Fresh-frozen cadaveric tendons were shown to be similar to those of tendons in vivo. ¹¹ To control for variation, the repair techniques were randomized with regards to laterality, and handling each tendon was consistent to reduce variation in the methods and technique. Therefore, we assume that the tendons tested immediately following tenodesis represent the immediate postoperative period.

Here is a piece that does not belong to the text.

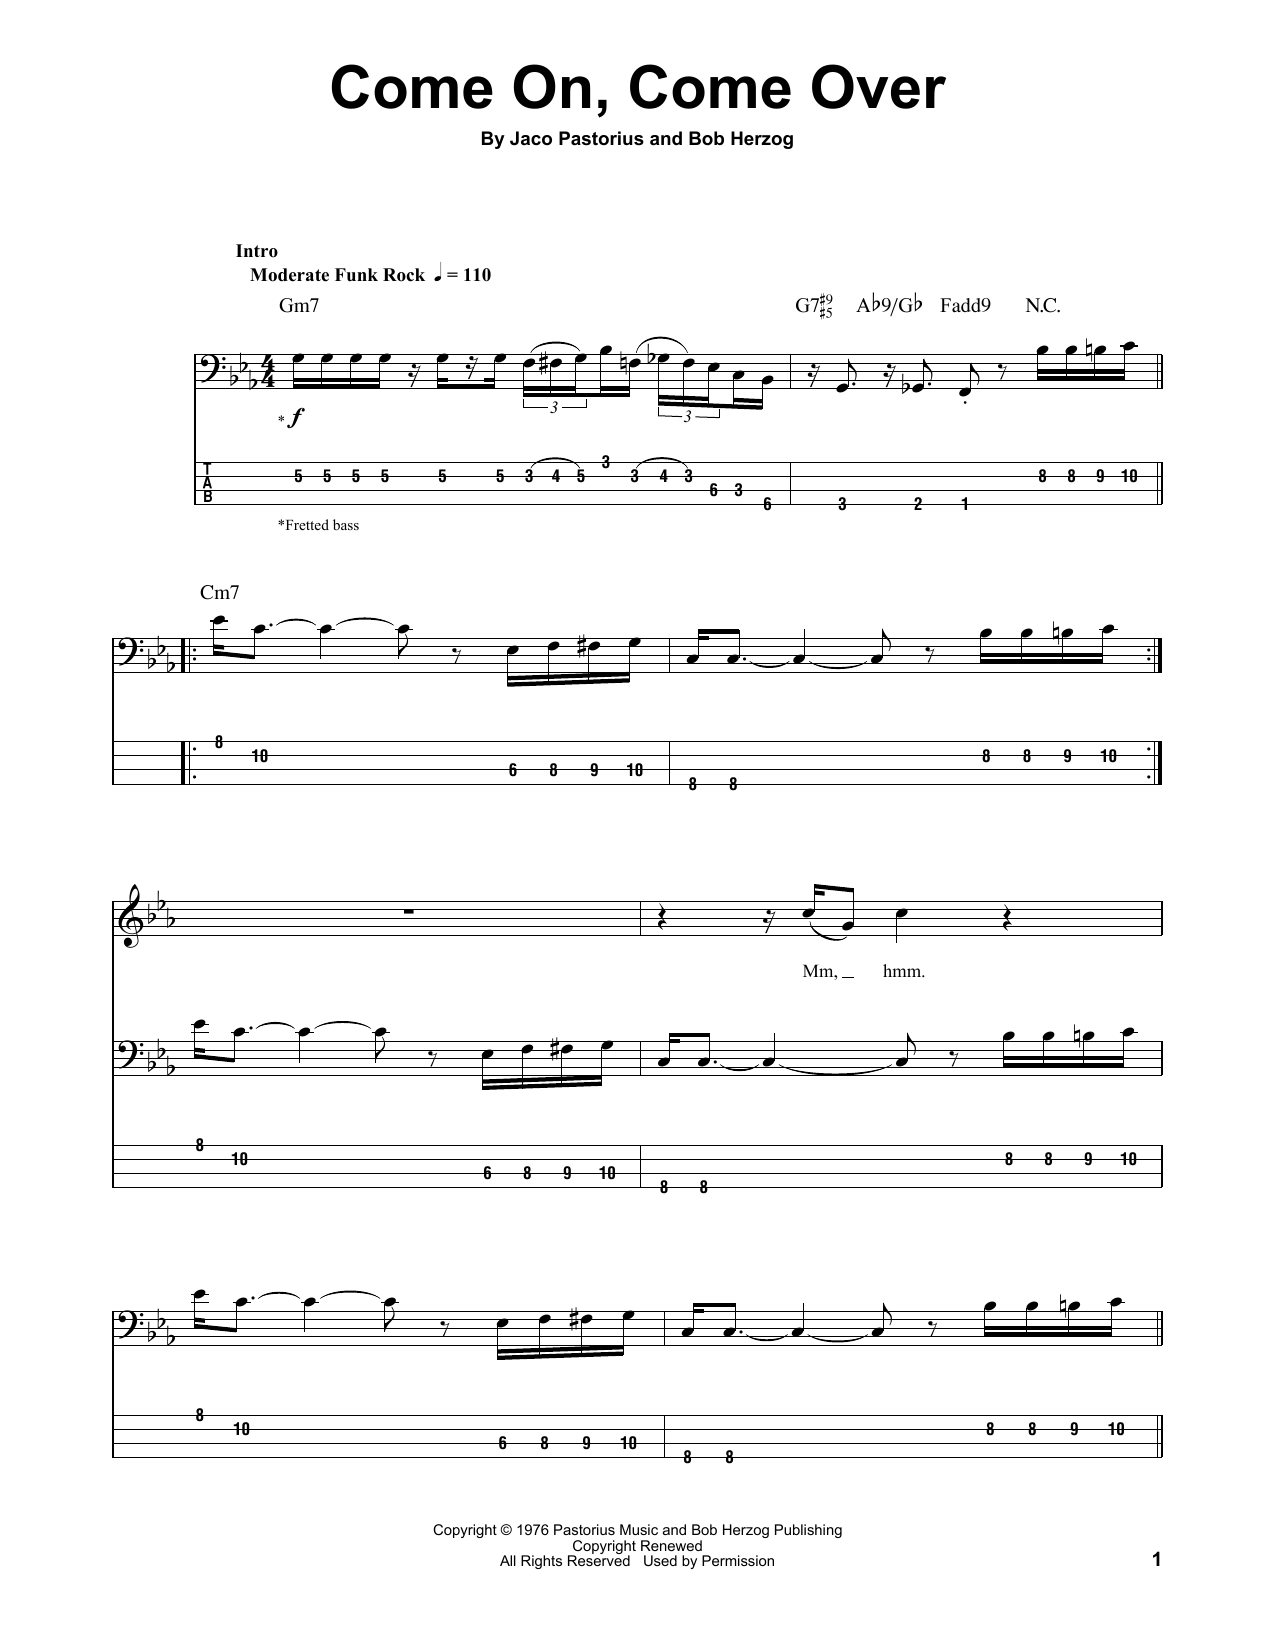 Download Jaco Pastorius Come On, Come Over Sheet Music

Our sample size was a limitation in the study. We used 5 matched pairs of cadavers without evidence of previous peroneal tendon injury. A 2-tailed post hoc power analysis revealed that the study was adequately powered for first failure load (79%), whereas power for all other metrics was below 52%. Thus, a total sample size of at least 18 would be required to achieve 80% power. Also, this study only provided a comparison of the tenodesis techniques at time zero. The repair strength may be affected over several weeks as the tendon begins to heal. The load cell size of 10 kN was a limitation as the failure loads were measured at around 1% of the load cell capacity.

Conclusion

We were unable to find a significant difference with regard to load at failure or stiffness between the PT and SS techniques for peroneal tenodesis. Surgeons may use either technique for peroneus brevis to peroneus longus tenodesis. Further clinical research is needed to determine which technique is more beneficial in patients.